Neo-Teyrall commented 3 months ago

Thanks for your quick response.

The makefile used gfortran: (GNU Fortran (Ubuntu 9.4.0-1ubuntu1~20.04.2) 9.4.0)

I used the master.

Yes, it seems that the copy went wrong.

Yes, it is two molecules on a surface. It is not from a periodic box; there are two states. The shift on the surface keeps only the atoms that interact with the molecules here. From these two states I gave you, no rotation is present, only translation. However, in other states of my dataset, there are states with rotation and translation compared to other states.

I am trying to compare the dimer organization on the surface. This comparison needs to take into account the interaction between the first and second molecules and their interaction with the surface.

If, in the comparison, I take into account only the atoms of one molecule of the system, I can observe that some states have the same conformation but not the same orientation to the surface. To differentiate these states, I need to include the surface in the comparison.

mgoonde commented 3 months ago

From these two states I gave you, no rotation is present, only translation.

As far as i see, the two molecules rotate and distort slightly, there does not appear to be much translation in them.

Note that IRA explicitly solves for rotation and translation of the all the atoms in the structure. If you are trying to keep the rotation fixed, this is not the right tool for you.

I am trying to compare the dimer organization on the surface.

Ok, I am not sure which dimers you are talking about, the nearest distances between the surface atoms are all identical. From structure i to j, there is one atom which appears, and two atoms which move, the other atoms are completely not moved.

This comparison needs to take into account the interaction between the first and second molecules and their interaction with the surface.

I hope you realize that IRA does not take into account any interaction between the atoms, and it takes the whole structure that you input as a single, rigid entity.

It seems you are trying to compare only the surface atoms by their absolute positions, and not the molecules themselves. Since there is no global translation or rotation in your box, you could look into the CShDA distance only, or other Linear-Assignment-Problem (LAP) solvers, which compute the permutation of atoms, and based on that you could compute the distance among the surface atoms from structure i to j.

Neo-Teyrall commented 2 months ago

Thanks for your time,

I will try to be clearer.

Here you can find three PDB files. The extension has been modified to a .txt file just to enable importation in GitHub, as GitHub does not recognize PDB files. These files represent three states of systems containing a surface and two molecules (two tripeptides). The three states are equivalent.

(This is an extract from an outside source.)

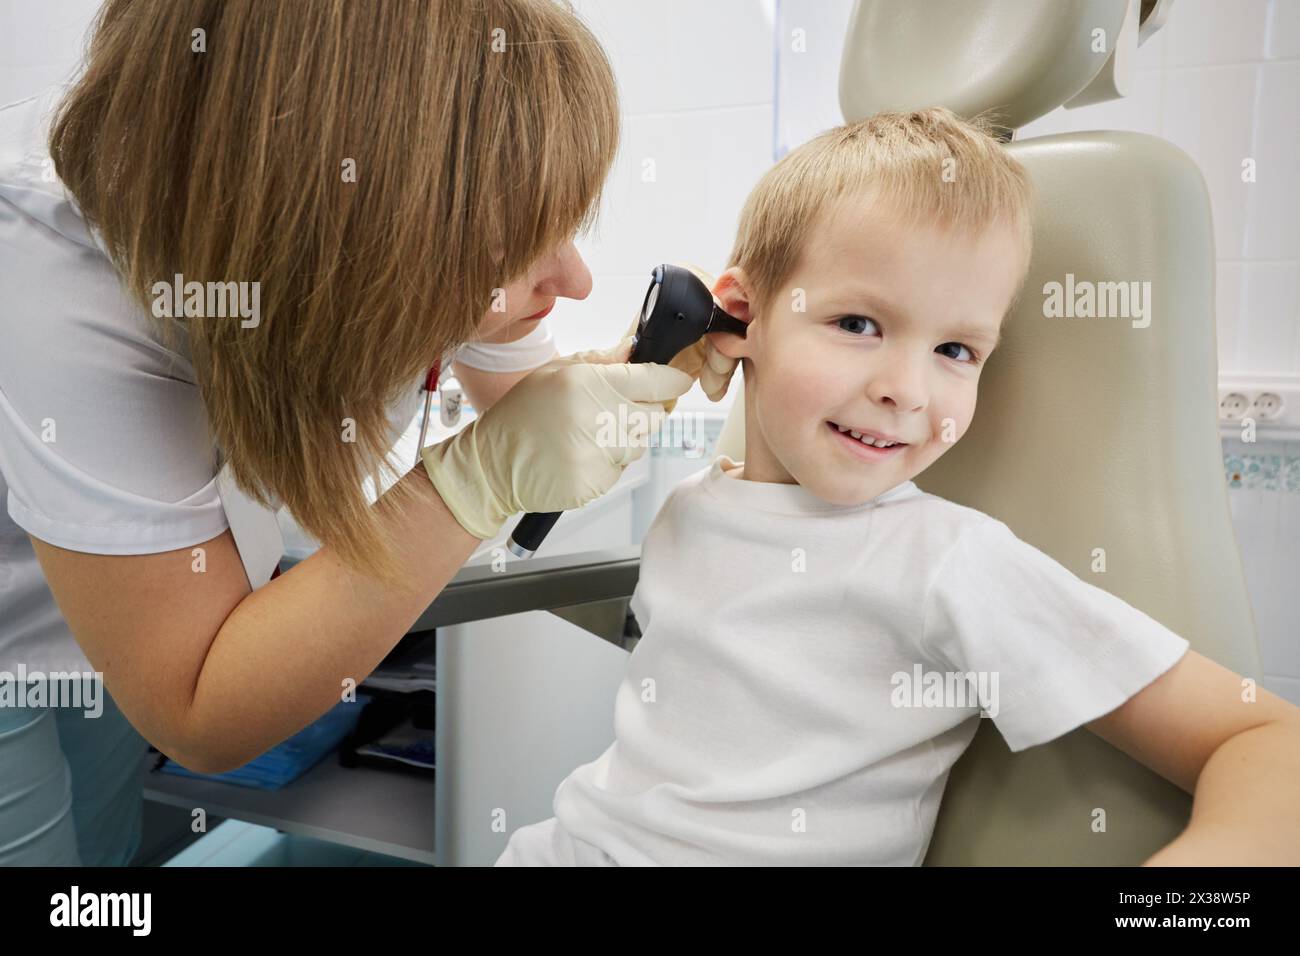 Female doctor examines ear of smiling boy sitting in medical armchair. Stock Photo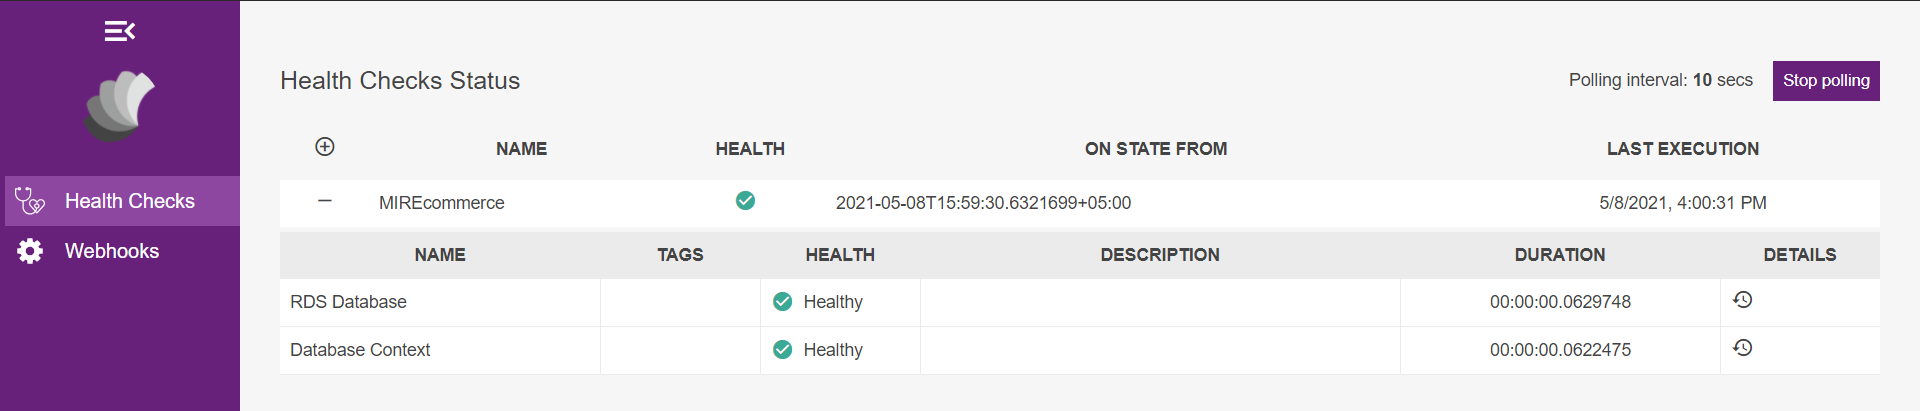 Implement Health Check Middleware on Asp.NET Core 3.1 Web App

The first one, 000011-0.txt, is a reference state. 000011-0.txt

The second one, 000012-0.txt, is the reference state but with a permutation occurring between the two molecules. 000012-0.txt

The third one, 000013-0.txt, is a state that has been translated and rotated on the surface. 000013-0.txt

This is an example sample. Notice that the states in a true dataset can combine permutation and translation with intra-molecular perturbation.

Based on that, I want to use IRA to estimate the difference between the states. I hope that IRA will estimate the difference close to zero (because the states are objectively the same).

But I noticed that the surface is an issue. Aligning all the surface atomes seems useless. So, to use IRA, I kept only the atoms of the surface which interact with the atoms of the molecules. This resulted in the data I sent you in the first message (the data I sent is not from these states but from others).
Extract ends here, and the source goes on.